(ABOUT THIS EXERCISE): Could you repeat every line below exactly, skipping the images?

(DATA):
____

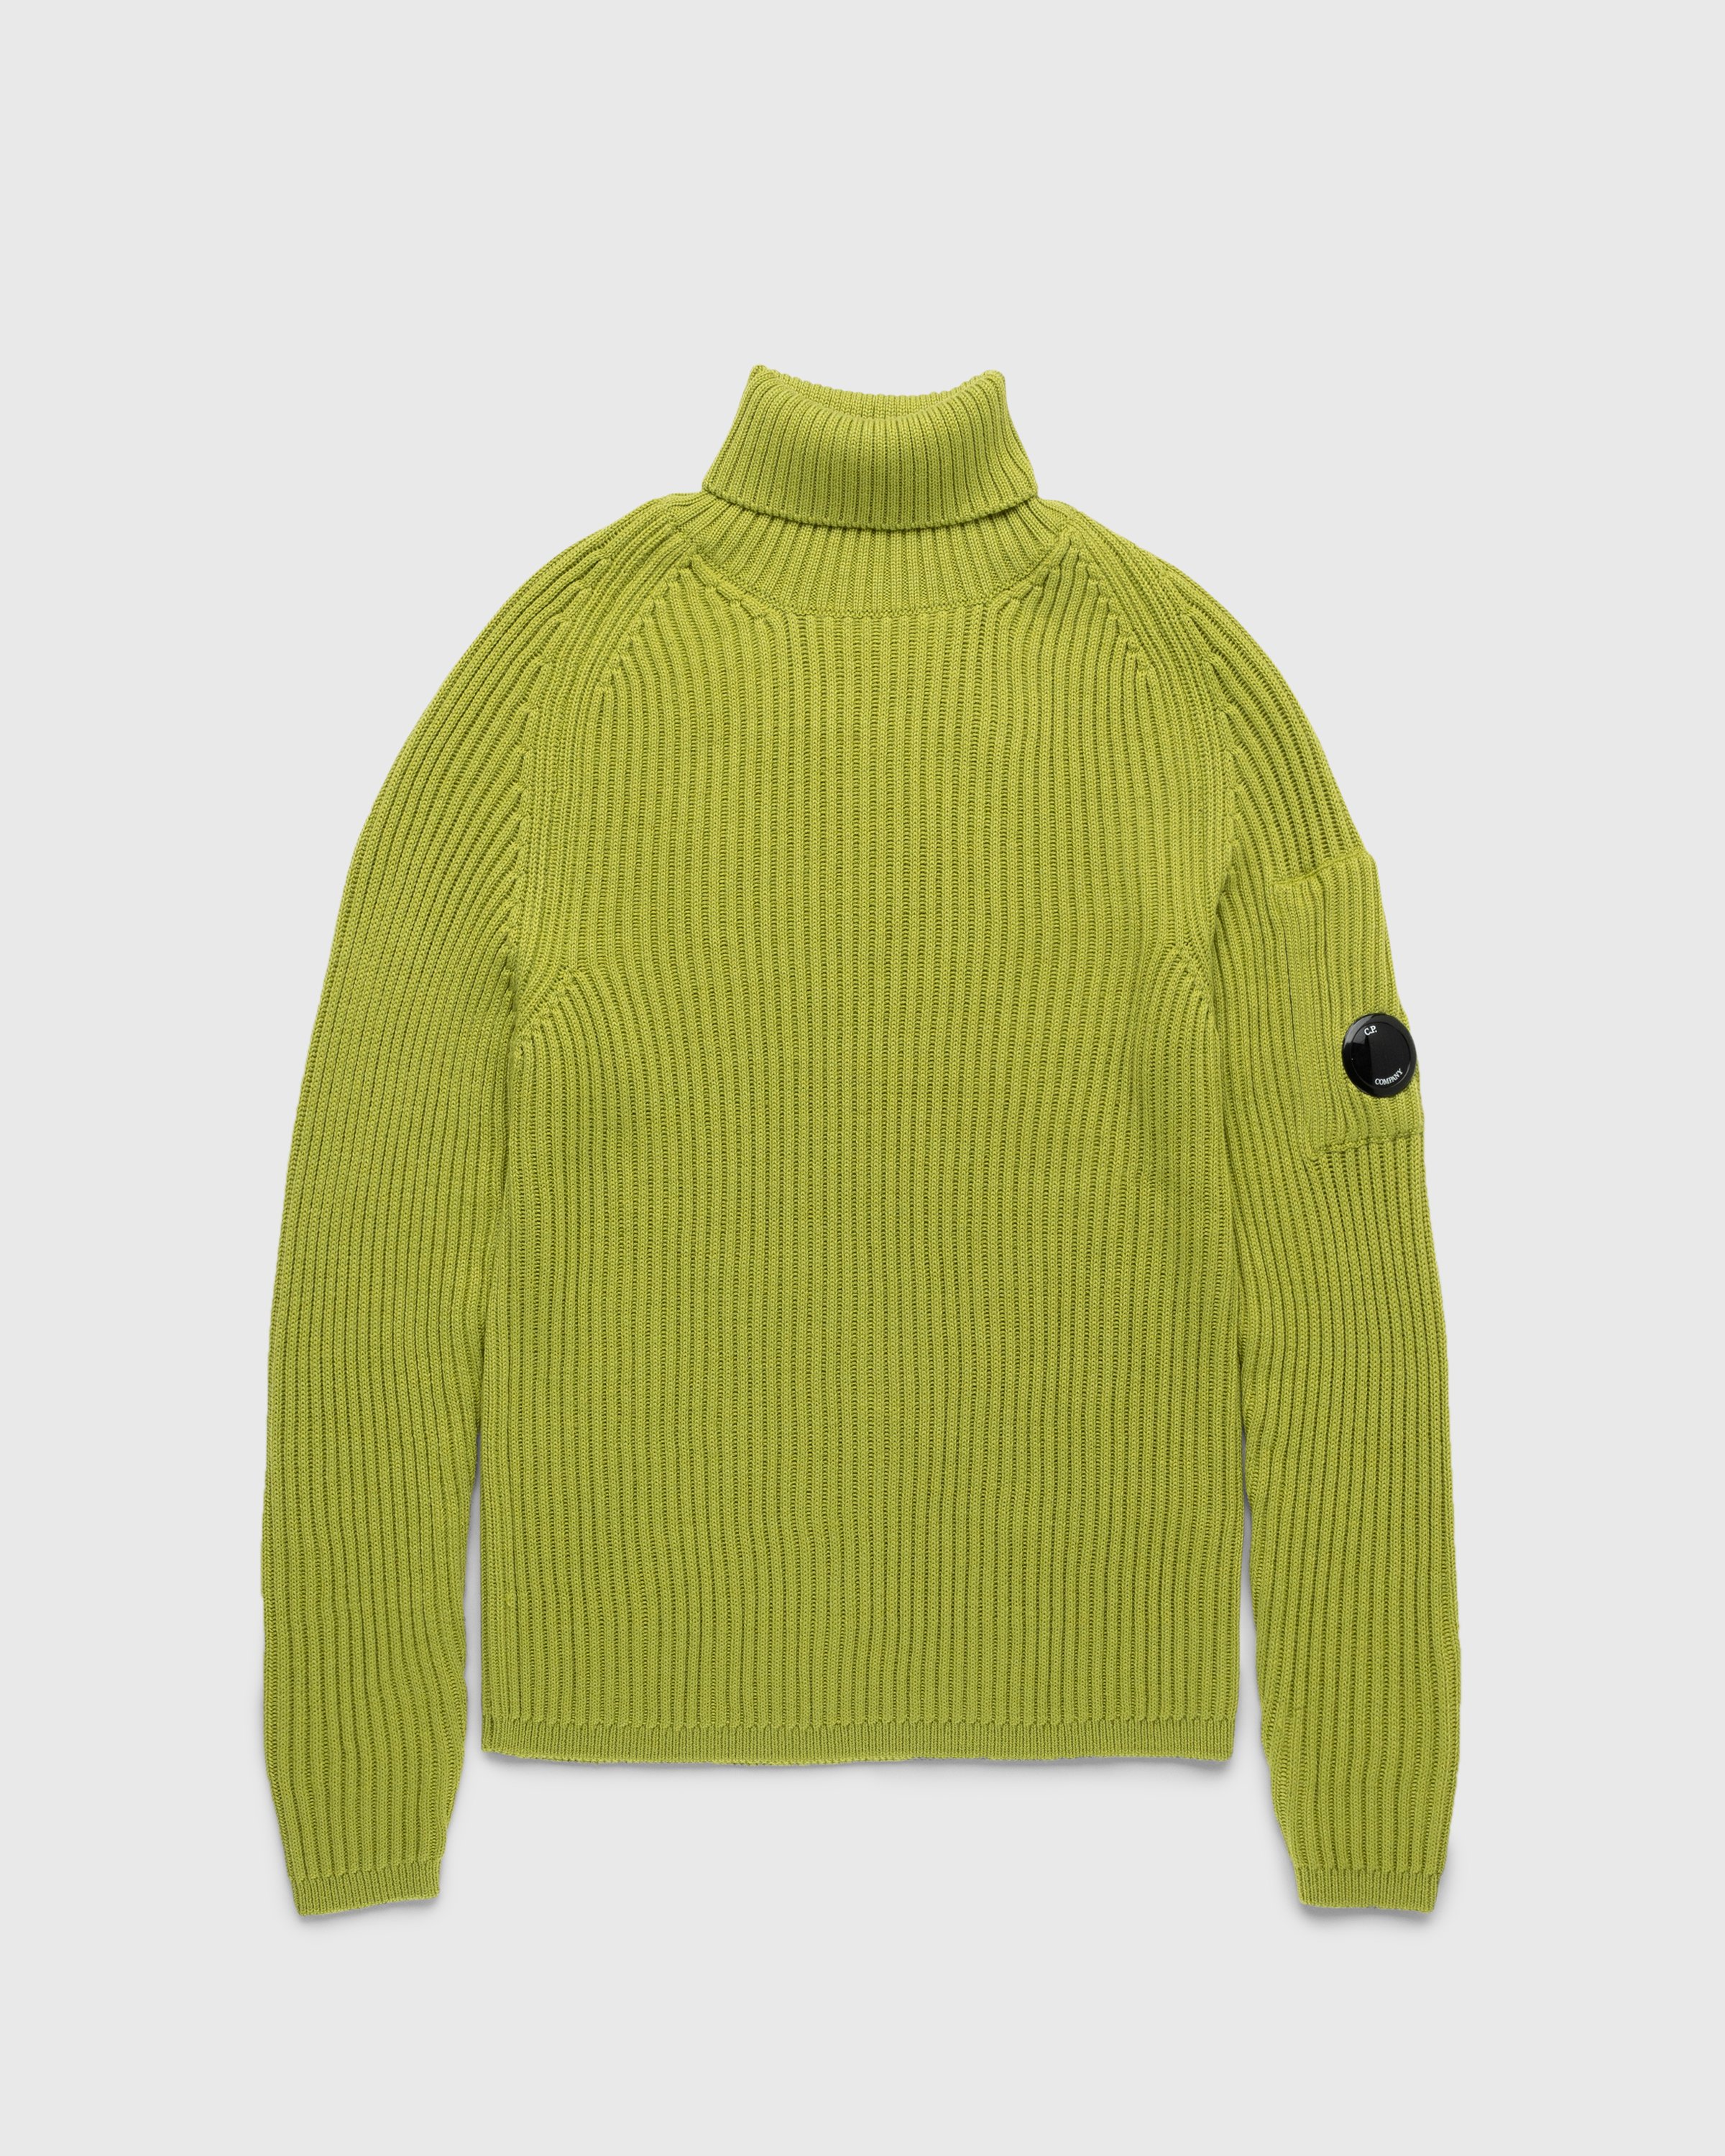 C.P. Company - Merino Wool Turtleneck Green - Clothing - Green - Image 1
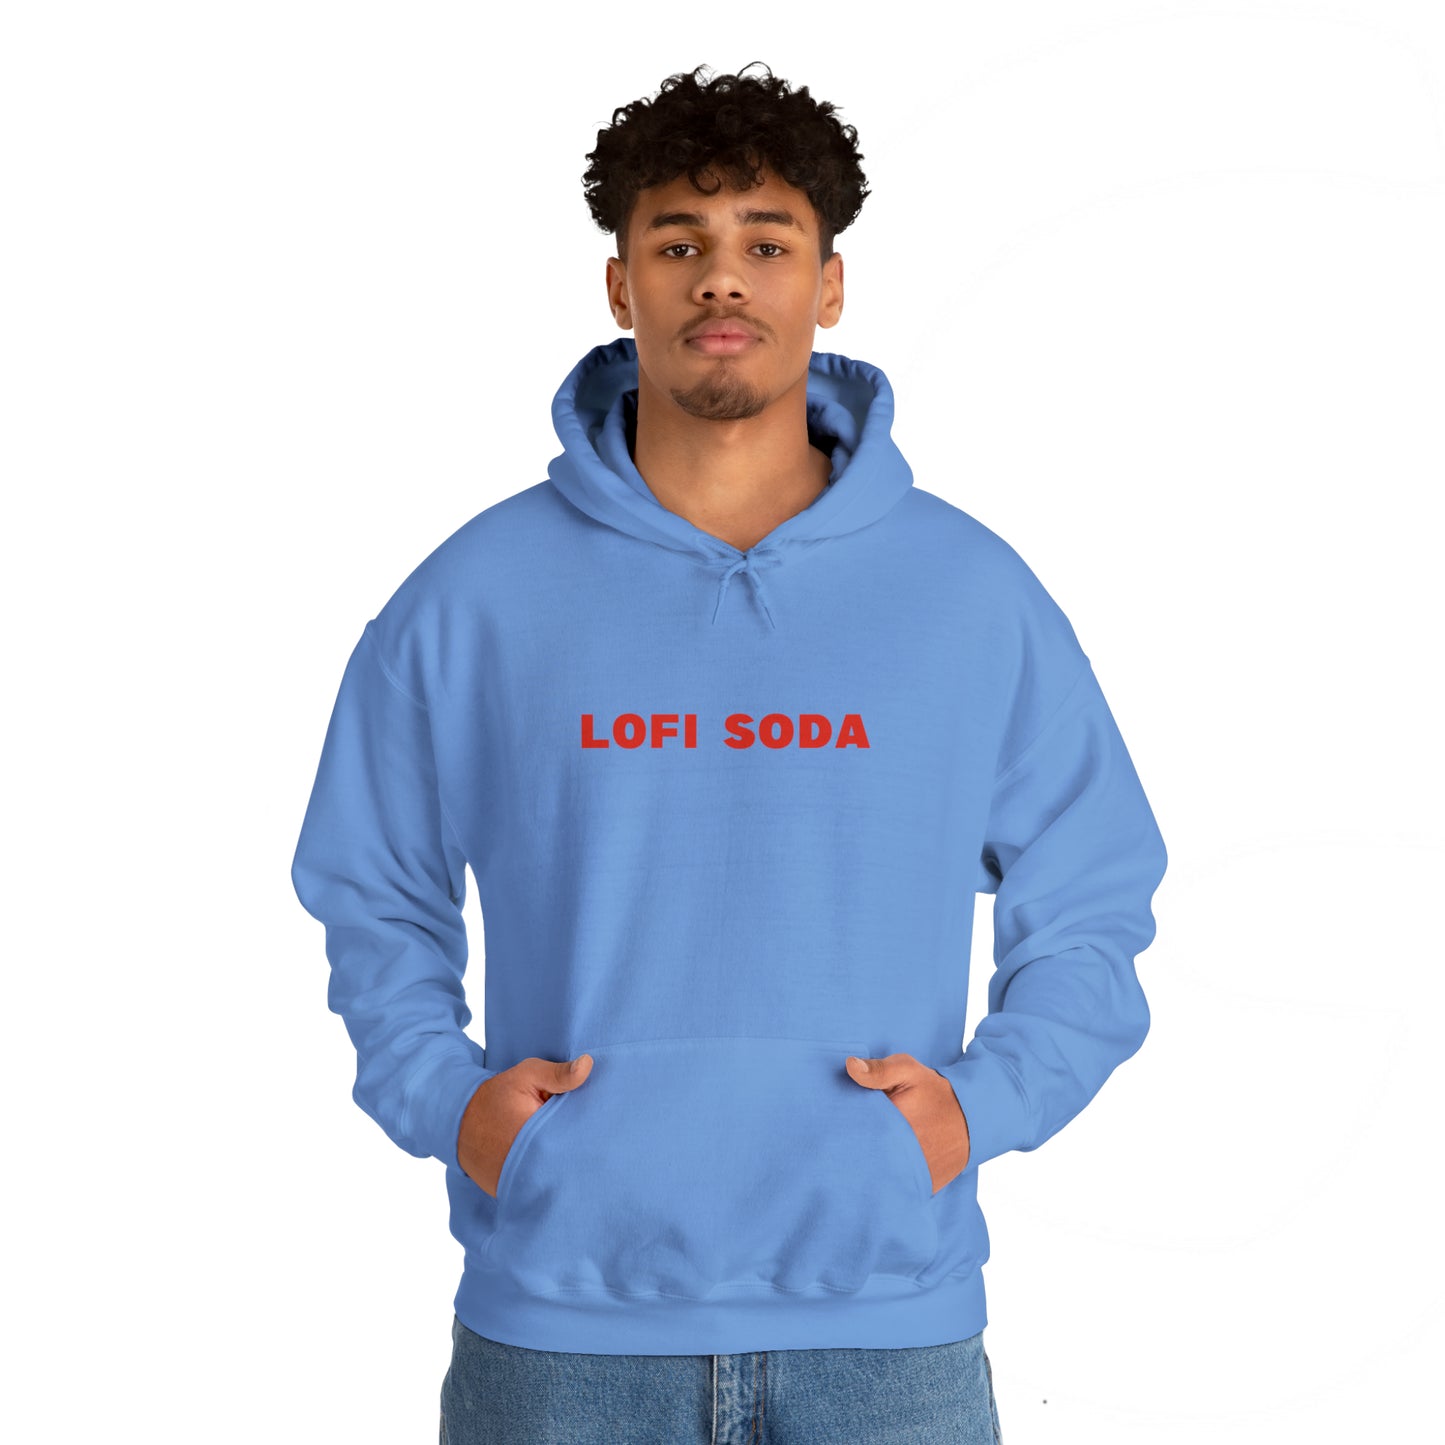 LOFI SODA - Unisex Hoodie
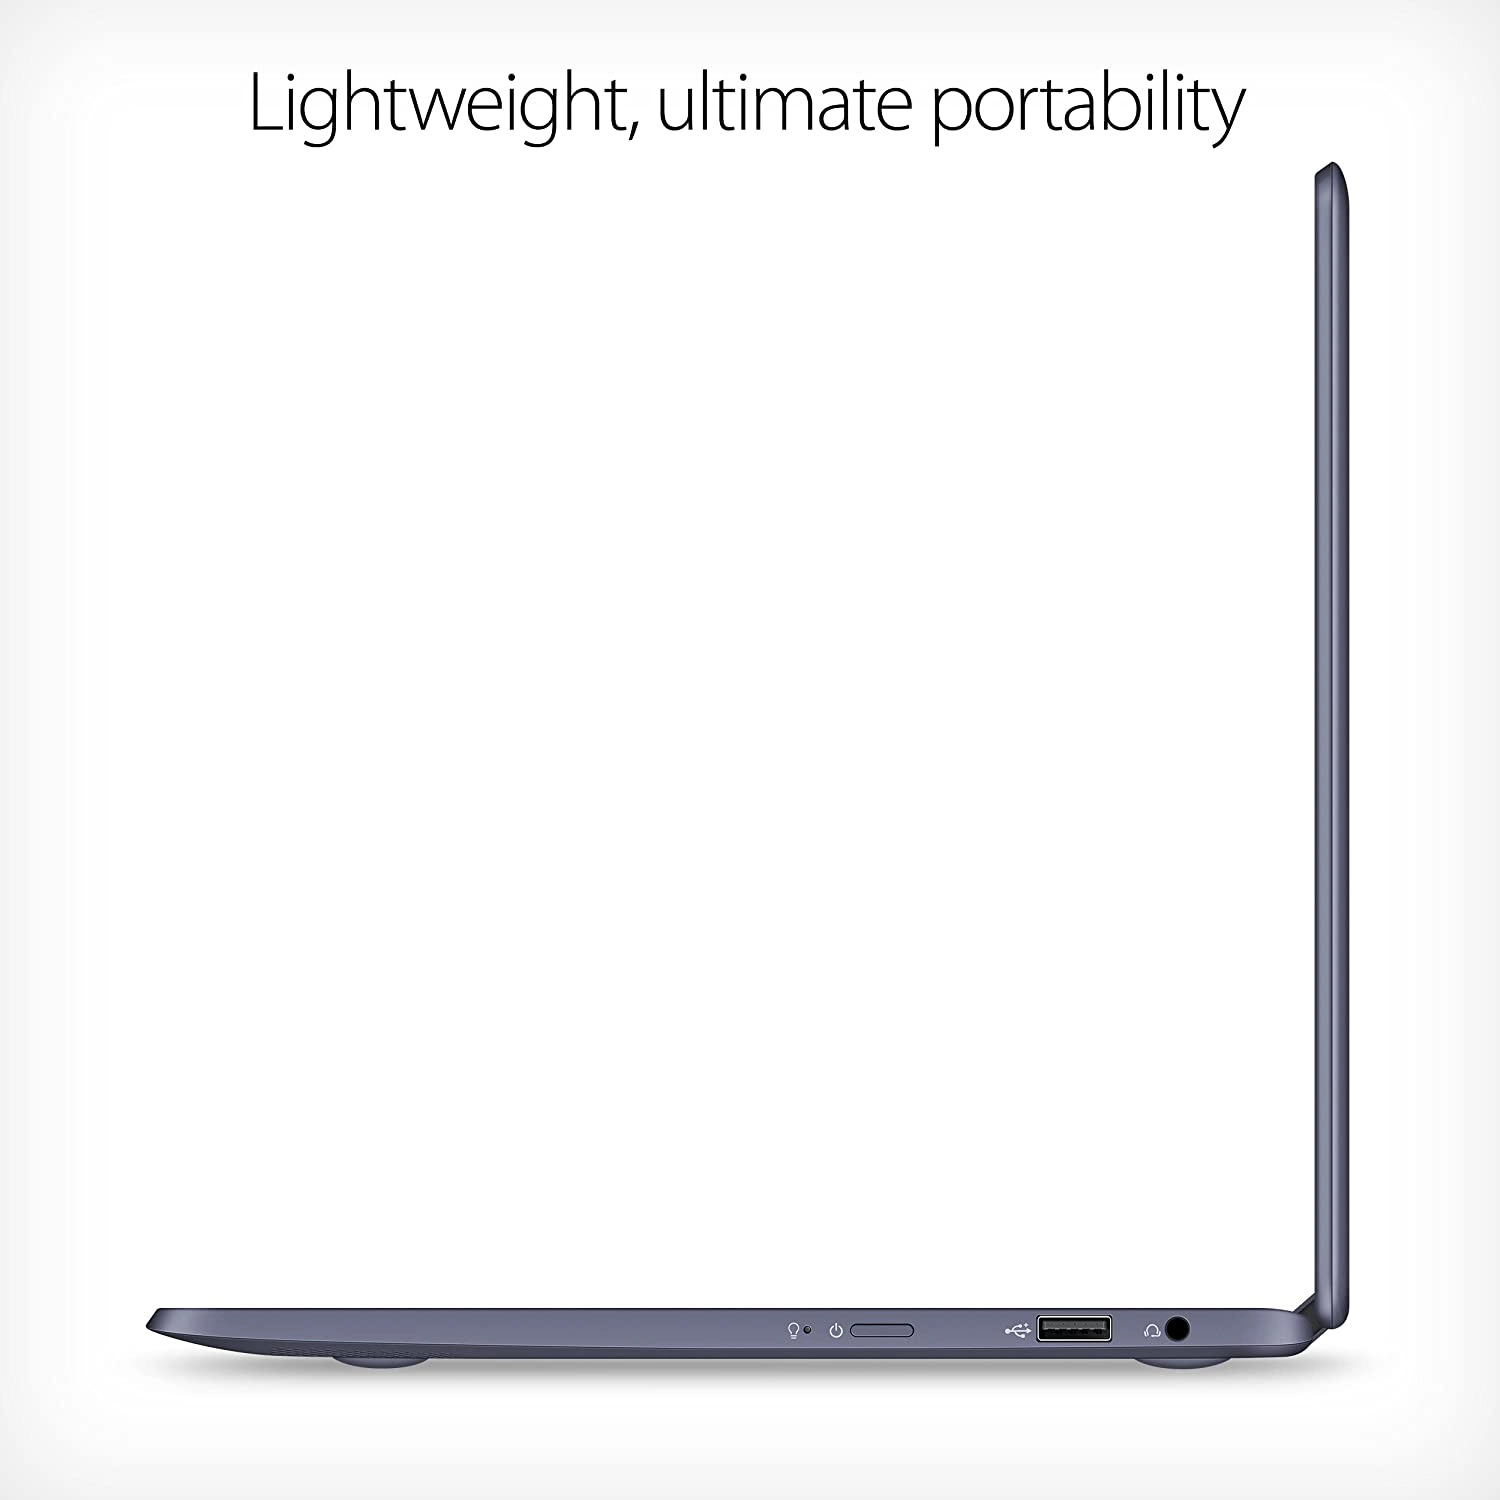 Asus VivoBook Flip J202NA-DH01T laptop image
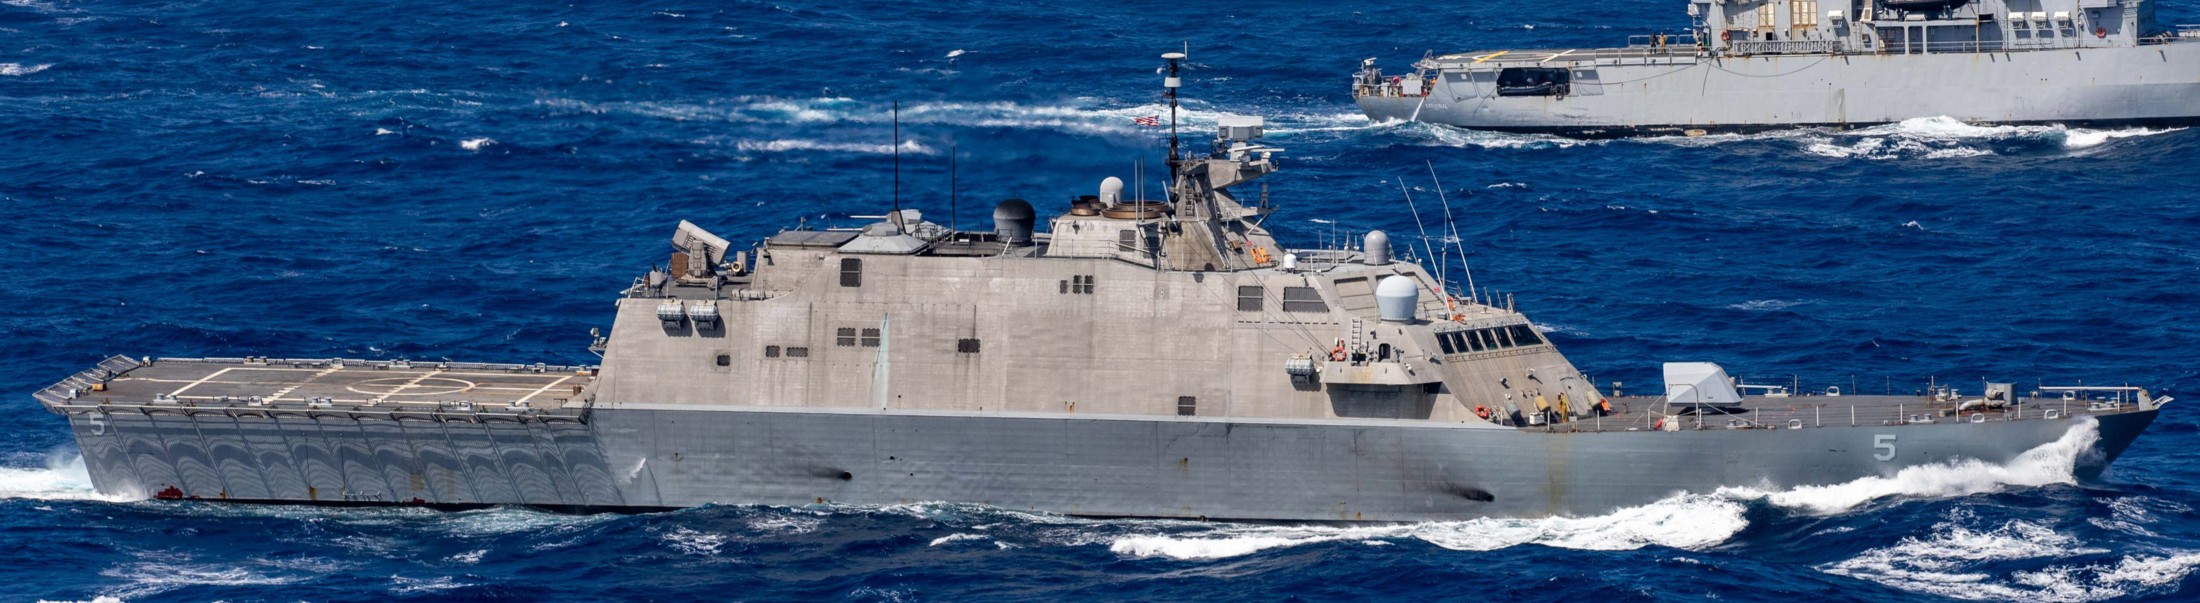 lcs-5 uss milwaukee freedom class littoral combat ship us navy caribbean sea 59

____

(WRITTEN ANSWER):
 C.P. Company - Merino Wool Turtleneck Green - Clothing - Green - Image 1
 LOFI SODA - Unisex Hoodie
 Asus VivoBook Flip J202NA-DH01T laptop image
 lcs-5 uss milwaukee freedom class littoral combat ship us navy caribbean sea 59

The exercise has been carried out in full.